L'audit tord le coût à l'idée dominante, mais fausse, que la dette publique résulte de la hausse incontrôlée des dépenses publiques :

«En tendance, de 1978 à 2012, les dépenses ont diminué de 2 points de PIB, les dépenses hors intérêts de la dette (c’est-à-dire pour le service public) de 3,5 points, tandis que les recettes ont chuté de 5,5 points de PIB.»

La dette publique résulte de choix politiques et dogmatiques des gouvernements de droite et du PS. Ils ont sciemment laissé filer la dette pour imposer l'austérité : :

«la stratégie néolibérale de réduction des dépenses de l’Etat fonctionne de la manière suivante : une récession provoque une augmentation temporaire du ratio dépenses / PIB ; les recettes chutant du fait de la récession, on laisse se gonfler le déficit.

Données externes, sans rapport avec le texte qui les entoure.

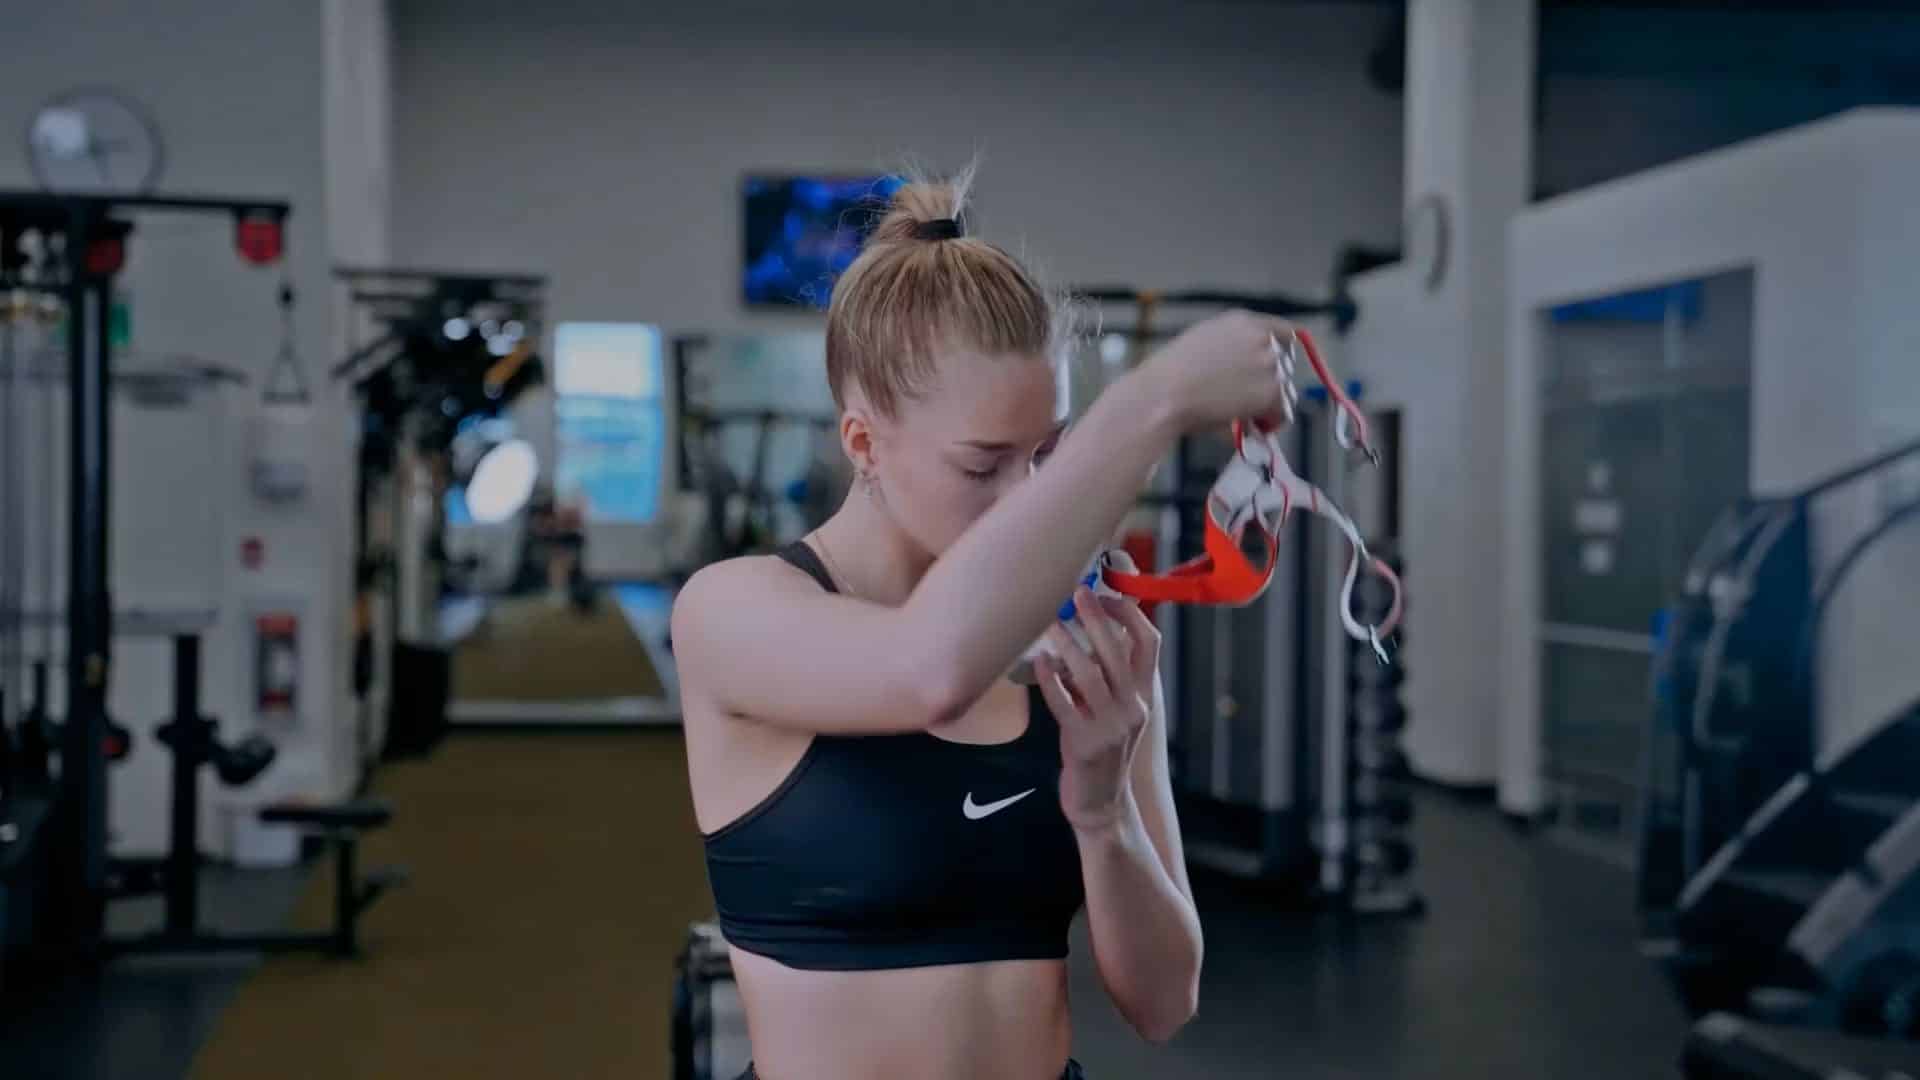 woman shown putting on a v02 master analyzer in a gym setting preparing to track training metrics.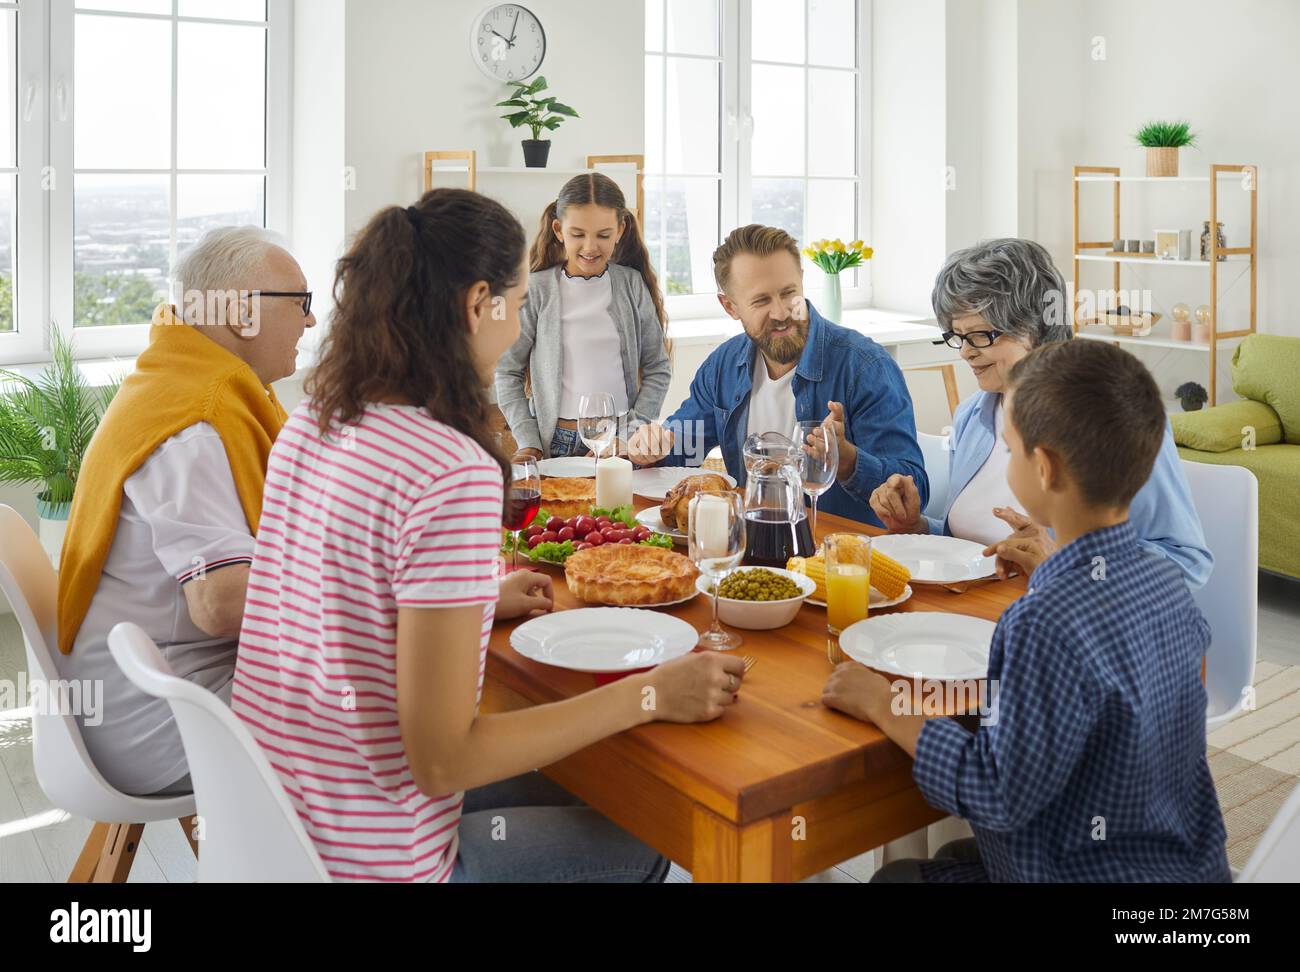 Family parents, grandparents and children having a lunch and talking together sitting at table. Stock Photo

Dans un second temps, on justifie le freinage des dépenses par la nécessité de les ajuster aux recettes. (...) La tendance permanente au déséquilibre budgétaire est donc engendrée par les choix de politique fiscale qui à leur tour viennent ensuite légitimer le recul ultérieur des dépenses publiques.»

La baisse des recettes fiscales a profité à l'oligarchie et au patronat. Elle a aggravé les déficits publics. Et surtout, creusé les inégalités sociales puisque ce sont les classes populaires et moyennes qui supportent le remboursement de la dette :

« Les nombreux cadeaux fiscaux dont bénéficient grandes entreprises et riches particuliers se multiplient et la note est payée au final par les ménages ordinaires. Ainsi c’est l’augmentation du taux normal de la TVA au 1er janvier 2014 à 20 % qui doit financer le Crédit d’Impôt Compétitivité Emploi. »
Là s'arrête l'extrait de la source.